National Grid and Ørsted’s cables became exposed due to dense sediment and shifting sands in the surf zone that prevents them from remaining buried beneath the seafloor. The cables, which were intended to be buried up to six feet deep in June of 2016, are part of the Block Island Wind Farm electrical transmission system. National Grid’s cable links the island to the mainland, while Ørsted’s export cable connects the wind farm to the island.

“National Grid is proposing to install a new segment of cable via horizontal directional drilling, which would run in parallel to the existing cable, and rejoin the existing cable at to-be-determined points offshore and on land,” said Michael Masseur, spokesman for National Grid. “We are still in the very early stages of engineering this plan, and will share more details as they become available.” 

“National Grid is in the process of completing marine borings, which will help design the permanent solution for the sea2shore cable,” said Masseur. “Data collected along the cable route this winter shows that stretches of the seafloor contain dense sediment and boulders. Based on these findings, National Grid has proposed that it proceed with a horizontal directional drill along a path close to the existing cable. The engineering and design of this solution is complex and will extend beyond this summer. In the meantime, National Grid is working with all stakeholders to determine interim plans to address the cable during the upcoming summer season. We will provide more information as it becomes available.”

As for Ørsted, Meaghan Wims, a spokesperson for the company, said, “We’re working with National Grid and the Town of New Shoreham to evaluate options.” Both companies have conducted a variety of land- and sea-based surveys attempting to determine a solution to the issue.   

“Ørsted jointly executed surveys with National Grid,” said Wims. “Surveys indicate that there is a greater presence of dense sediment and boulders beneath the National Grid cable compared to the Ørsted cable. Ørsted is currently working closely with National Grid to deliver the best solution for all stakeholders and to identify opportunities to collaborate.”

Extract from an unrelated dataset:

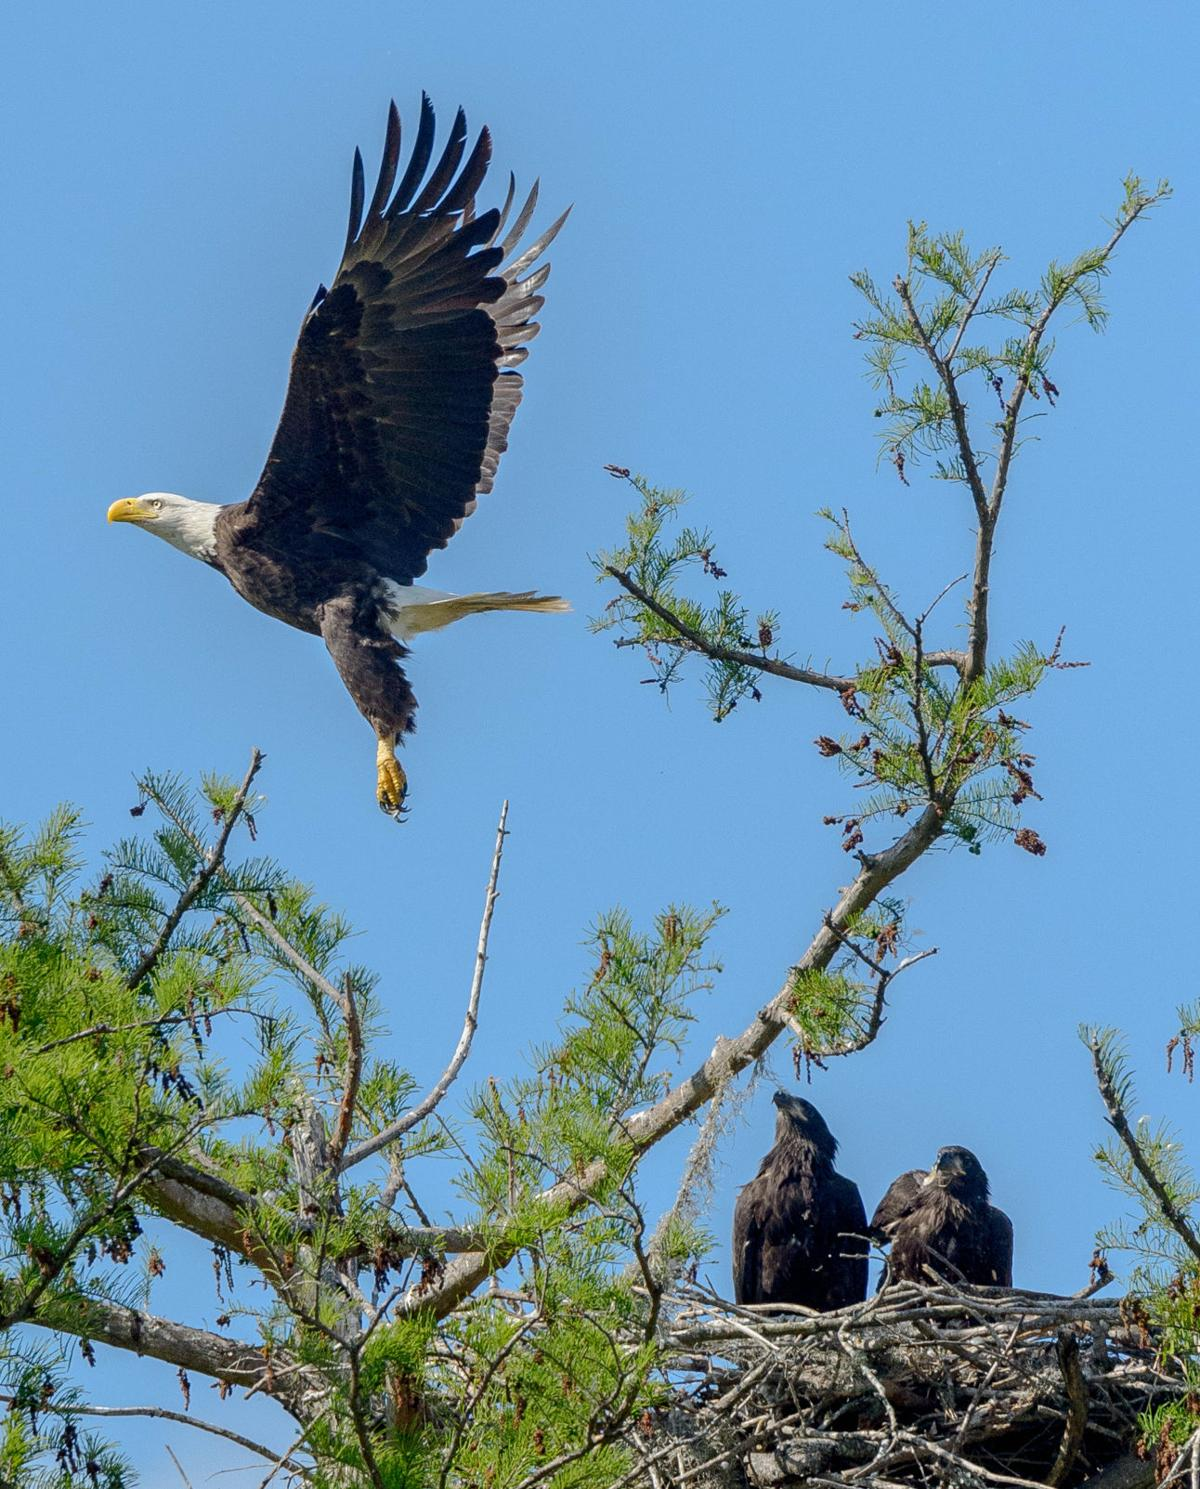 What Are The Predators Of Bald Eagles

New Shoreham Town Manager Ed Roberge has said that the town is seeking a permanent solution regarding National Grid’s cable. As a temporary protective measure, Grid installed a protective plastic sleeve around its cable in April of 2017, but a larger section of the heavily armored cable has become exposed, making it visible 25 feet from shore at low tide.

Sam Bird, the town’s Facilities Manager, echoed Roberge’s sentiments of the need for a permanent cable solution. He told The Times that the town was not aware of National Grid’s plans to replace a section of its cable at the beach. “If that’s what they think is necessary, we’re going to have to explore what’s involved regarding timetable, etc. We want a permanent solution to this issue. Both cables are going to have to be addressed.”

Bird said that the issues with the two cables are “slightly different.” He said, the section of Ørsted’s cable that is exposed is shorter in length than National Grid’s exposed cable. “Whether or not Ørsted’s cable is capable of being buried, we don’t know.”